● **TASK DETAILS**:
No pictures belong in the copy. Restate the rest of the data exactly.

● **RECORDED INFORMATION**:

========================

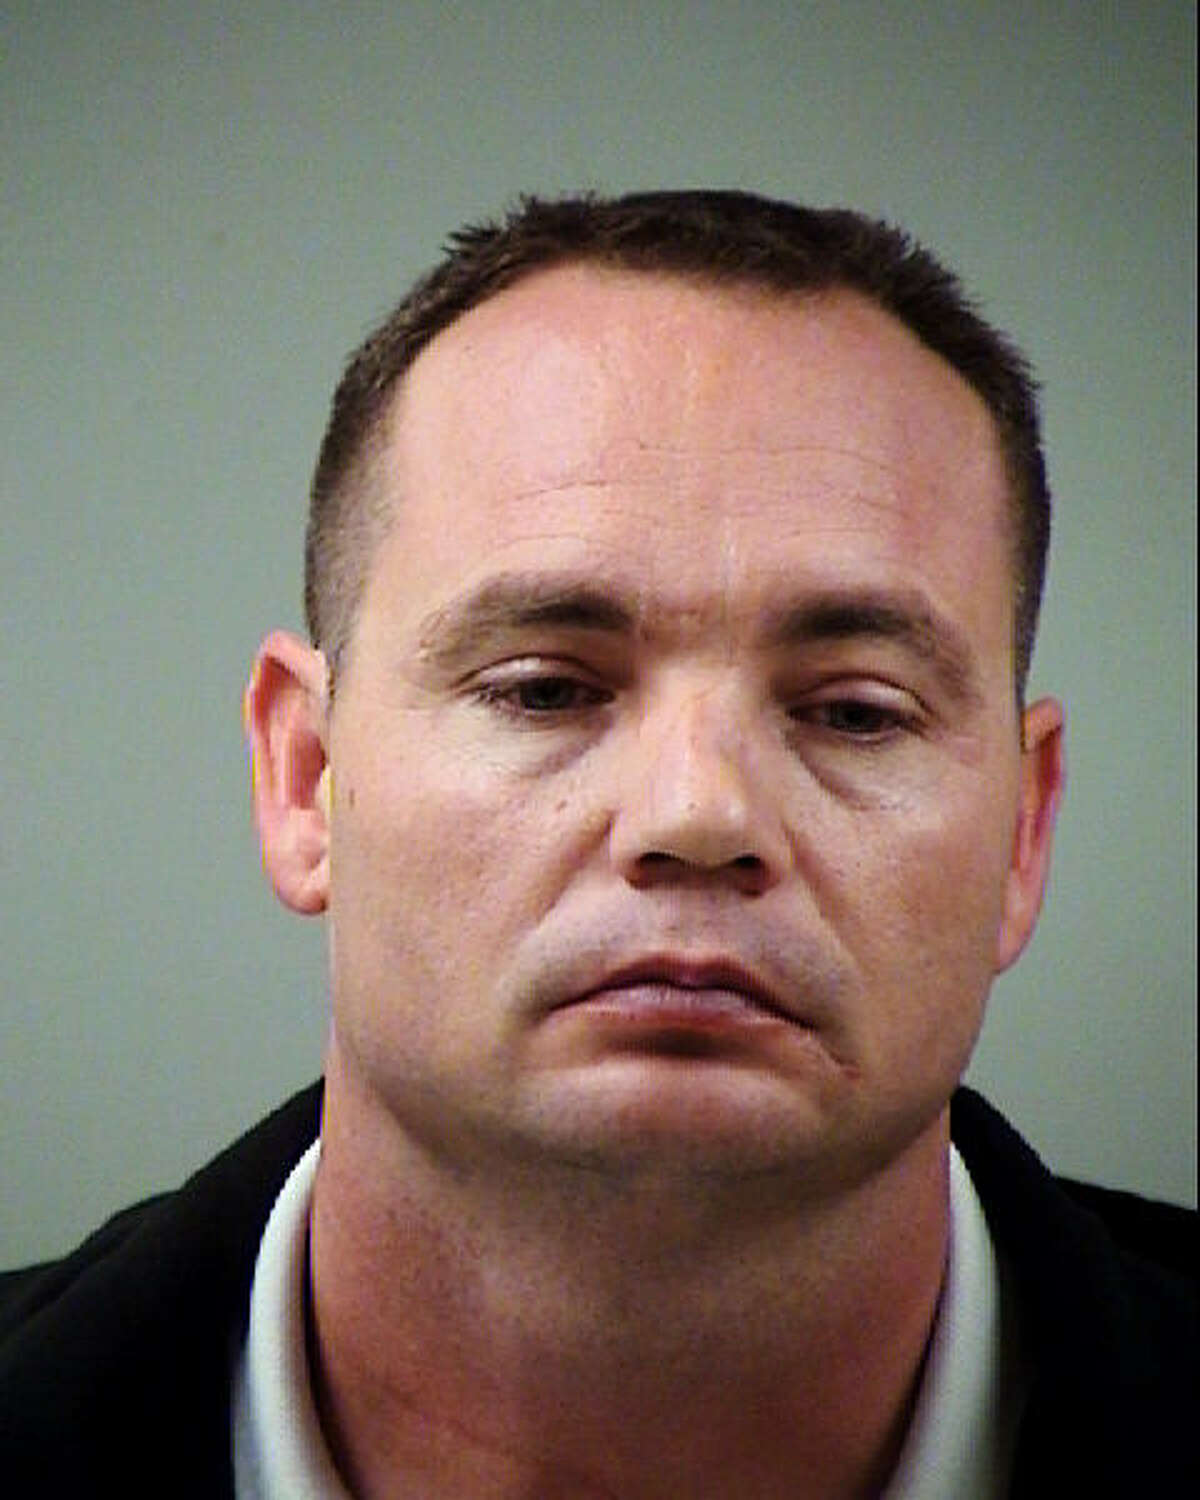 Policeman Jackie Len Neal is accused of raping a young woman in his patrol car.
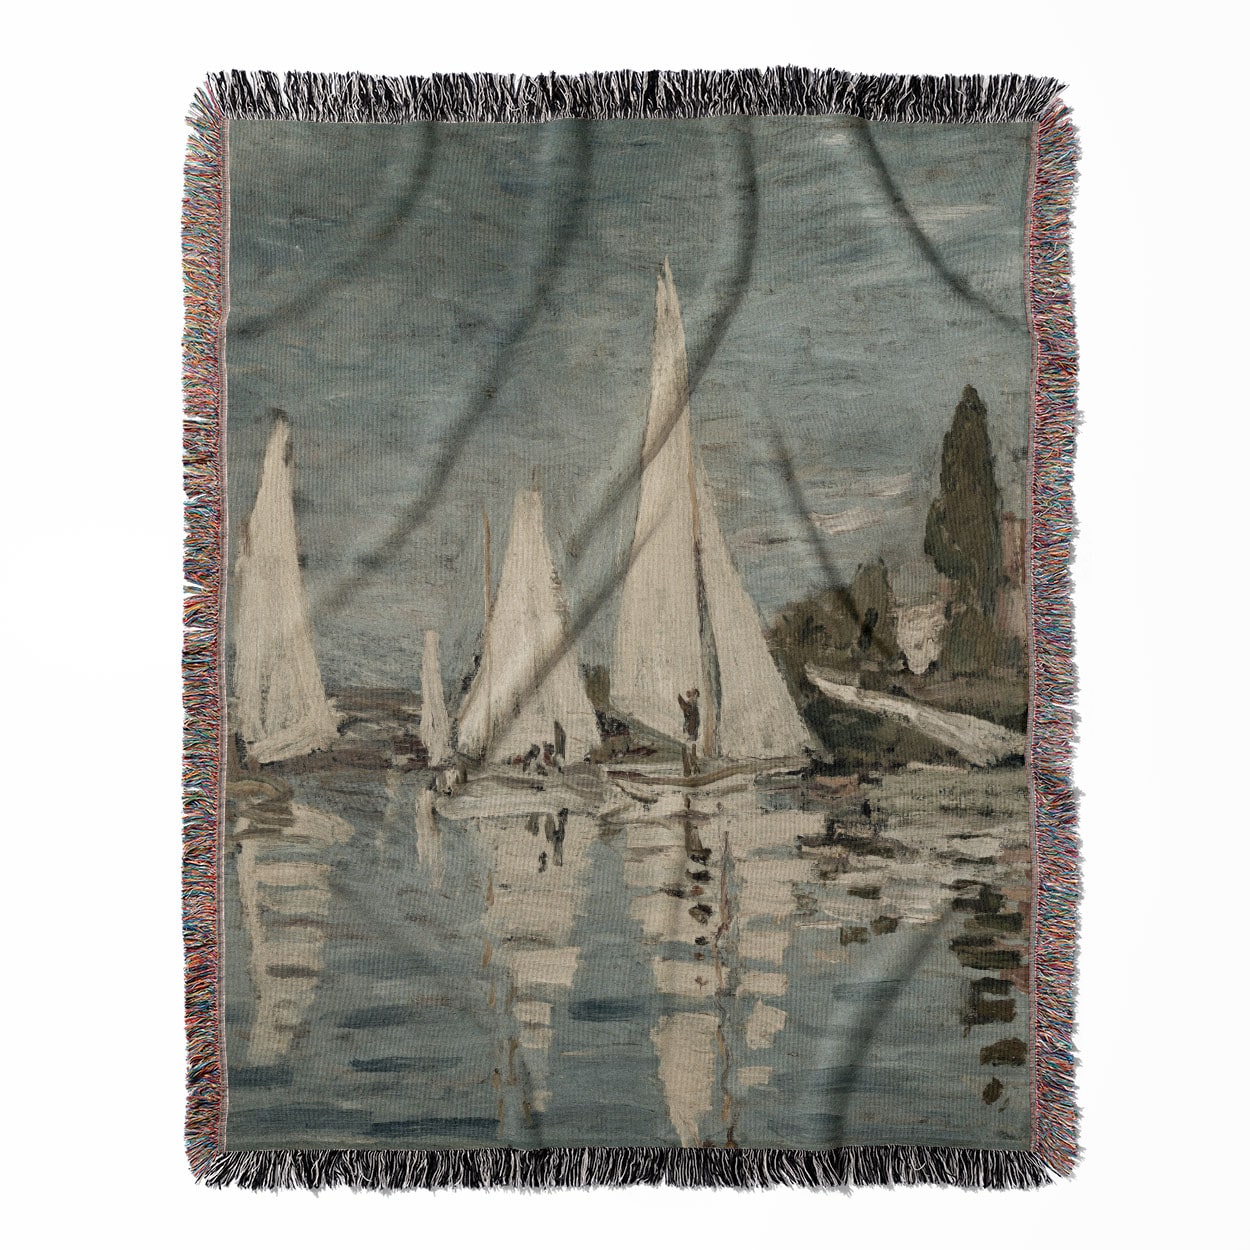 Nautical woven throw blanket, made with 100% cotton, providing a soft and cozy texture with sailboats for home decor.
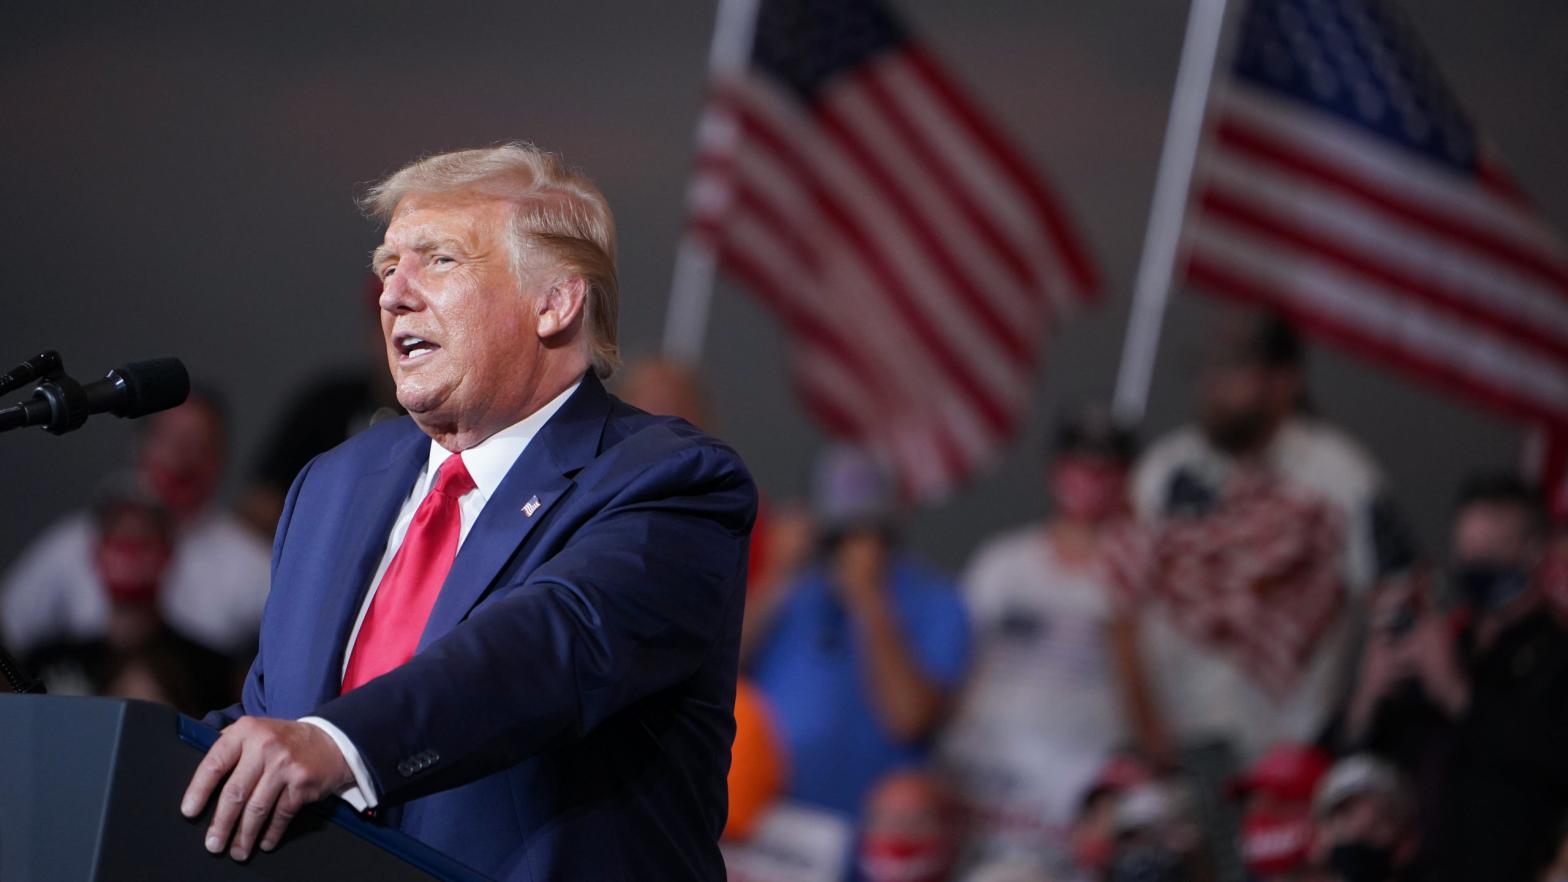 Donald Trump addresses supporters during a rally in Winston-Salem, North Carolina on September 8, 2020.  (Photo: Mandel Ngan, Getty Images)

========================

● **EXPECTED ANSWER**:
 Policeman Jackie Len Neal is accused of raping a young woman in his patrol car.
 Nautical woven throw blanket, made with 100% cotton, providing a soft and cozy texture with sailboats for home decor.
 Donald Trump addresses supporters during a rally in Winston-Salem, North Carolina on September 8, 2020.  (Photo: Mandel Ngan, Getty Images)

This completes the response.